Speaking generally, I don't know if I could disagree with the guy more--I've long had an objection to the kind of ivory-towered 'these entertaining things aren't real art' snobbishness this perspective tends to come off as in my reading, and always been much more of the mind that 'plebeian' or 'genre' entertainment, be it in movies or other art/media forms, is fully capable of being 'artistic'--either thanks to the piece excelling in performance or messaging itself, or because of individual subjective responses making it do so for certain subsets of people.
The original trilogy of Star Wars is perhaps an easy example of a commonly-agreed on film fulfilling the first of those. It's a pretty typical sci-fi/fantasy story with full-on swords-and-sorcery cliches contained, but does a good job presenting those that it would seem to be commonly attributed an 'artistic merit' (at least by my amateur read). As to the latter...Well, tastes in 'art' themselves vary, and even films derided as hackneyed or bad can be enjoyed by some people because of their differing tastes (or because of it being less commonly-accepted as good or artistic, such as with 'cult classics').
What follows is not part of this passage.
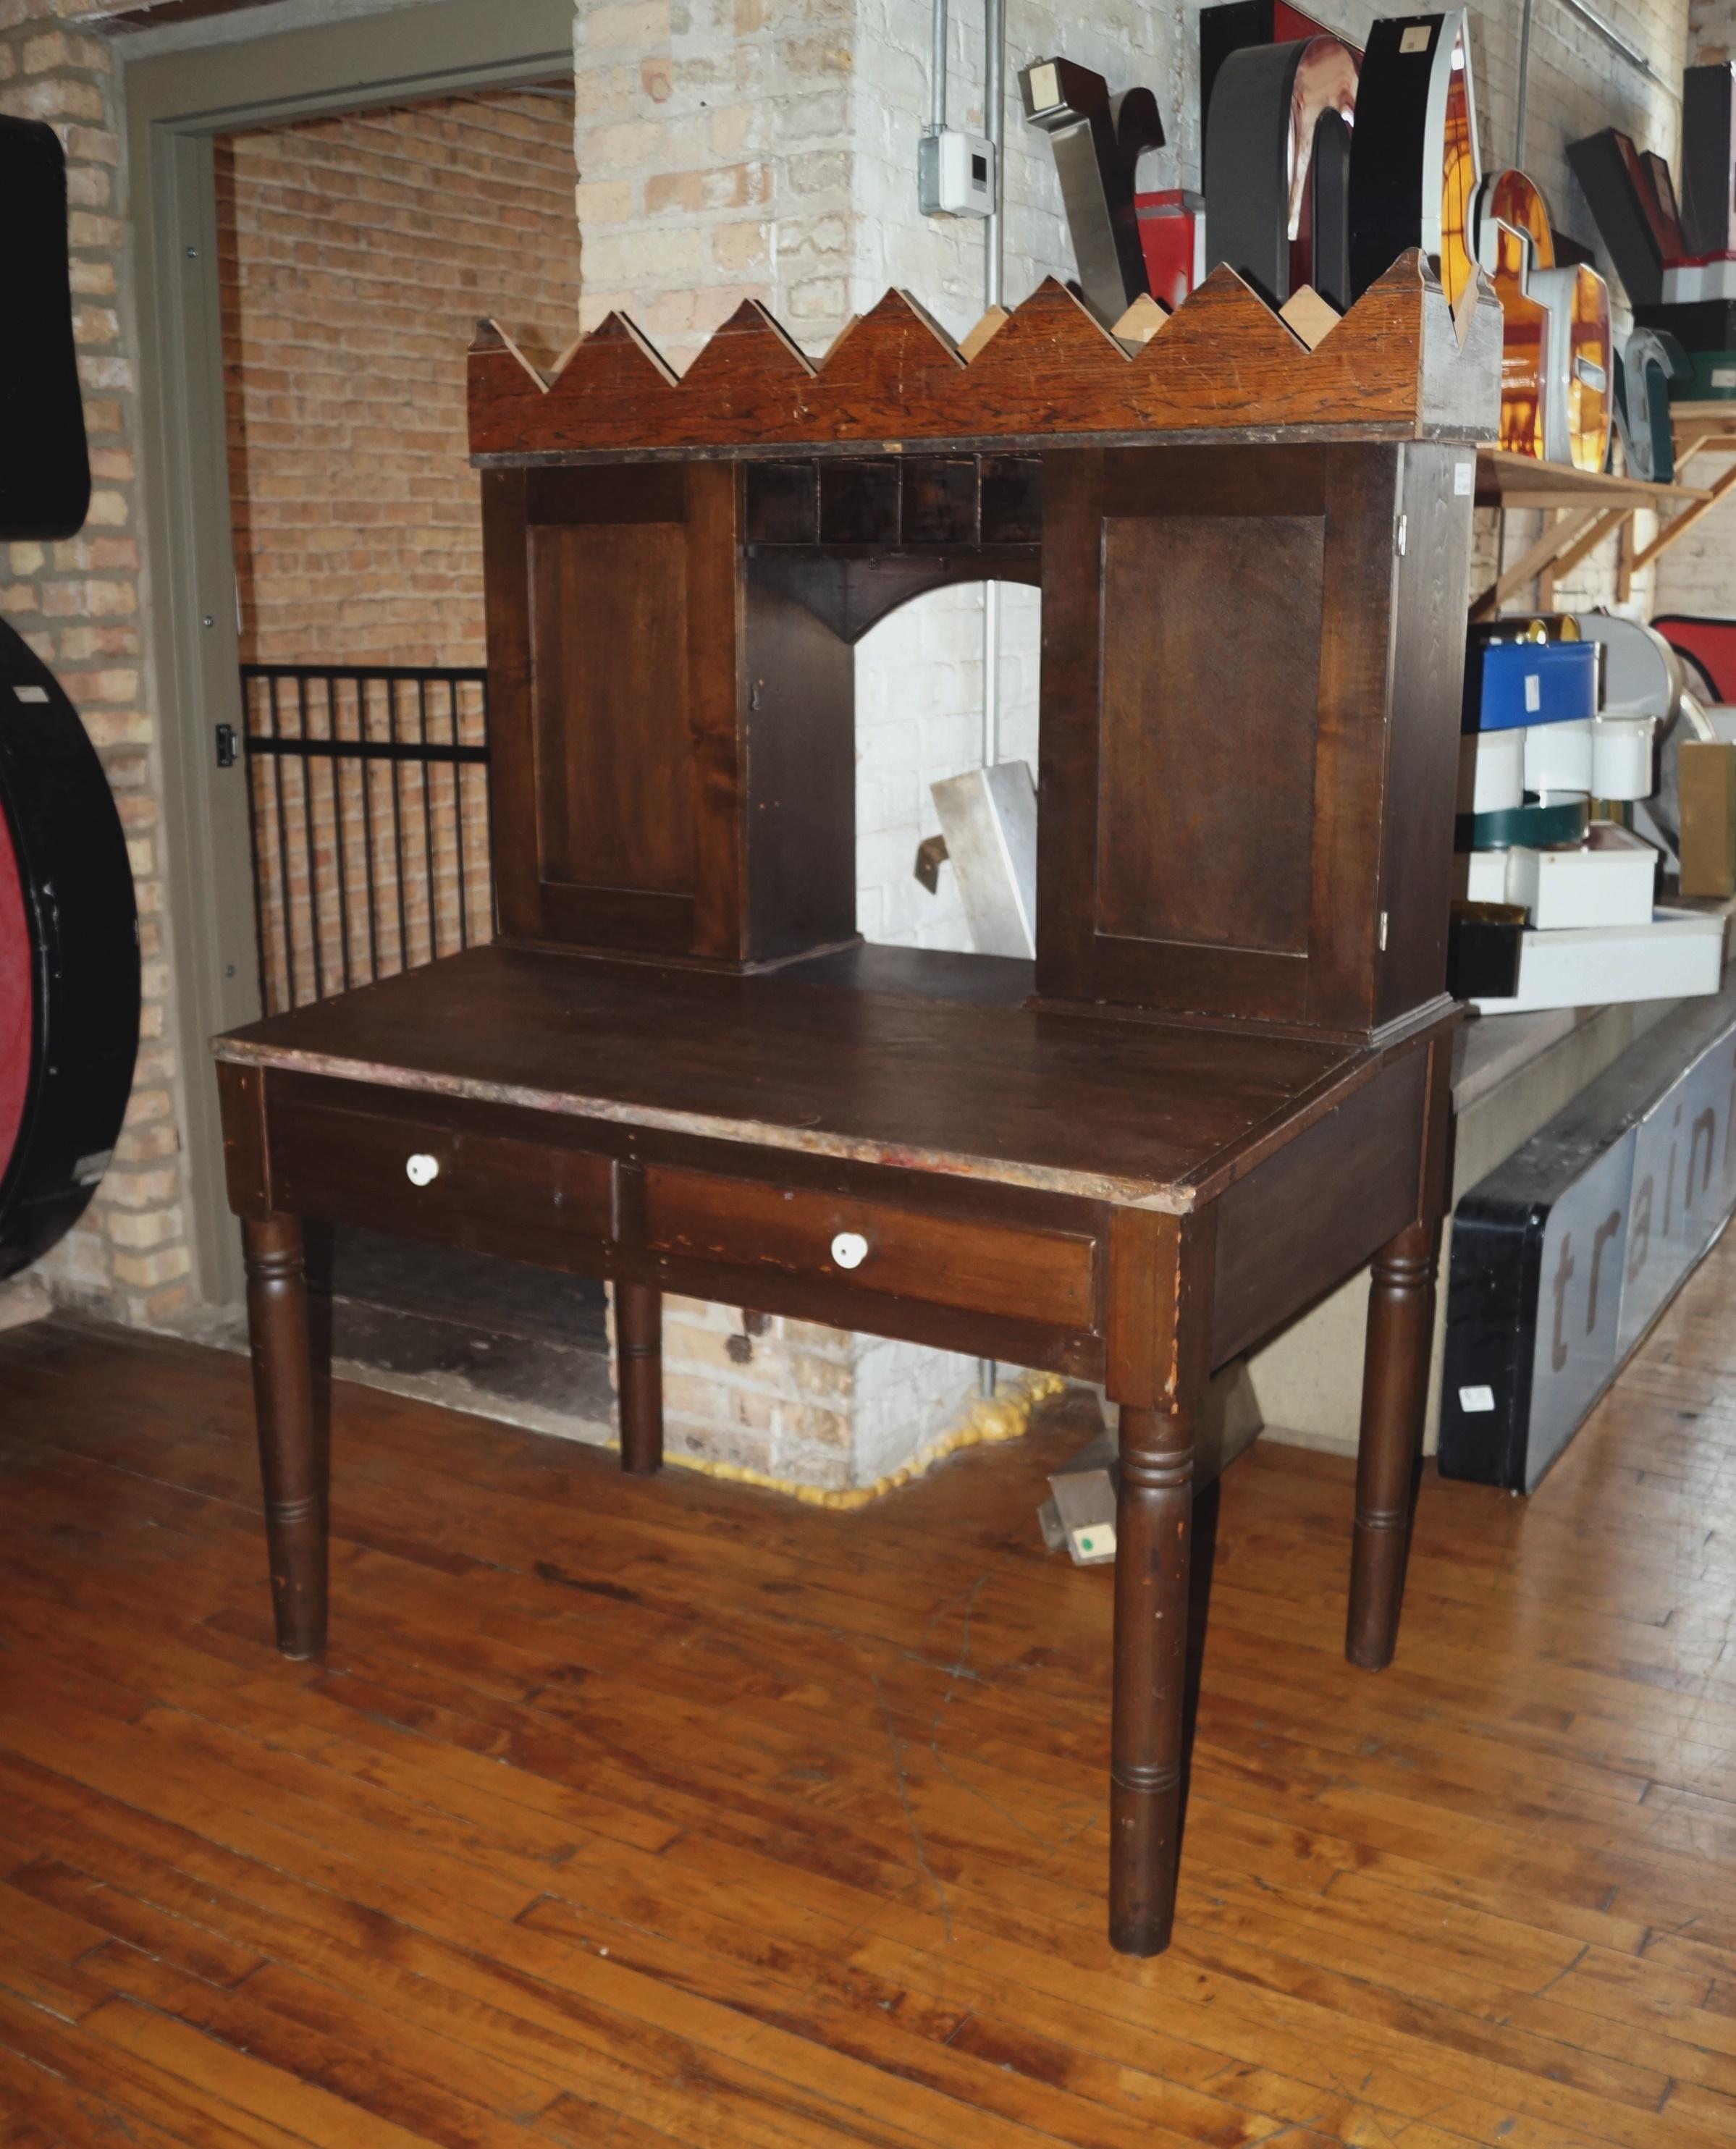 Antique Furniture Supplies Mail: Antique Wood Writing Mail Desk W Cubbies

At the same time...I can see the man's point--perhaps in particular with the influence large movie houses or companies (Disney as an easy hit) have in shaping broad swathes of the 'media landscape' that produces any of these films and how the very same propensity for 'audience-testing' and catering to the largest market can suck some degree of the...genuineness (and we could get into how catering to specific media release areas--China as the major example--can put some problems into that arena, which is one perhaps exemplified in the recent hooplah over Tarantino's 'Once Upon a Time in Hollywood', and attempts by Disney to appeal to audiences there).
So, boiling down I suppose...Does anyone else have thoughts on the particulars here? Are Marvel Movies and franchise-films formulaic and rote bores that are popular thanks to massive media campaigns and ability for SFX, are they all art of some kind/form, is there a personal standard you use for them that includes some and excludes others based on some kind of reasoning?
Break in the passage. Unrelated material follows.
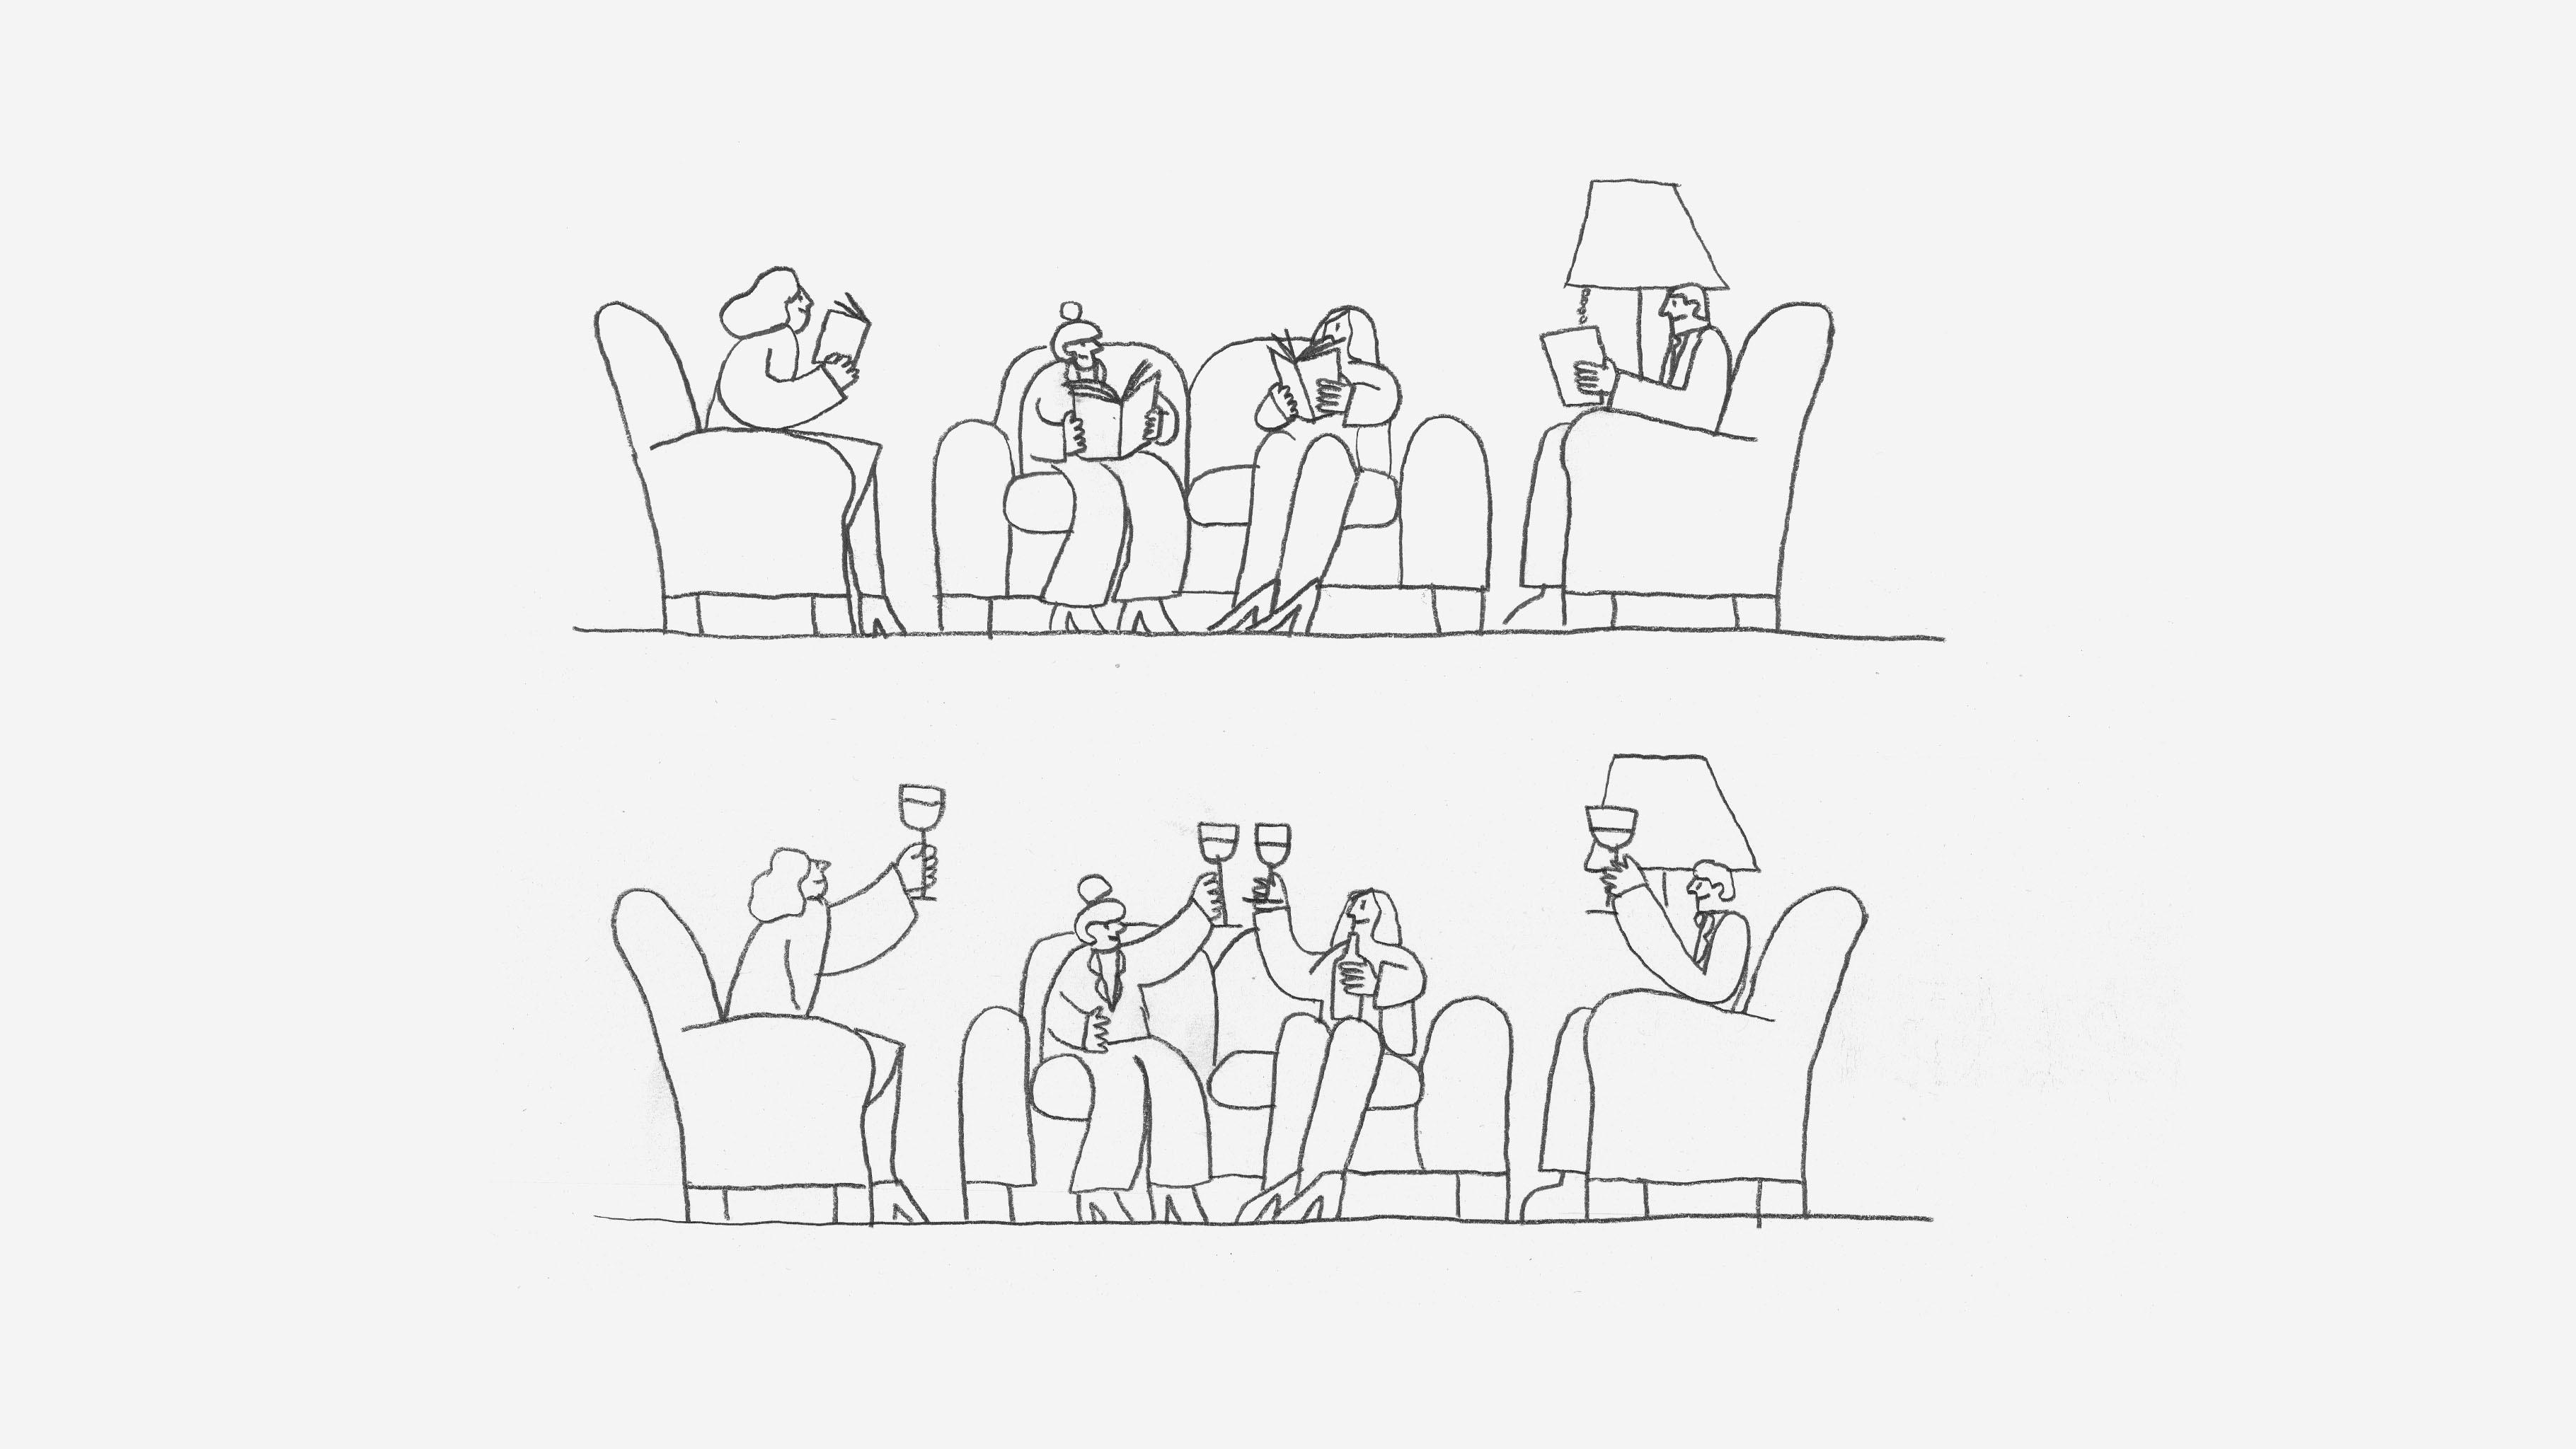 Facebook Groups James Graham Sketches Storyboards 05

Or, if more generality is of interest to you...Where does 'entertainment' and 'art' sit in regards to one another?
I will now restrain myself here from going on an even longer-winded diatribe about how my particular favorite pieces of media are most-definitely the height of artistic expression while yours are shit, and instead open the floor for folks to point out their own standards.
Edit: Oopsie! I juggled Scorsese and Tarantino being the ones behind Once Upon A Time in Hollywood...Because while I enjoy watching films, I'm so-so on paying much attention to directors and the like.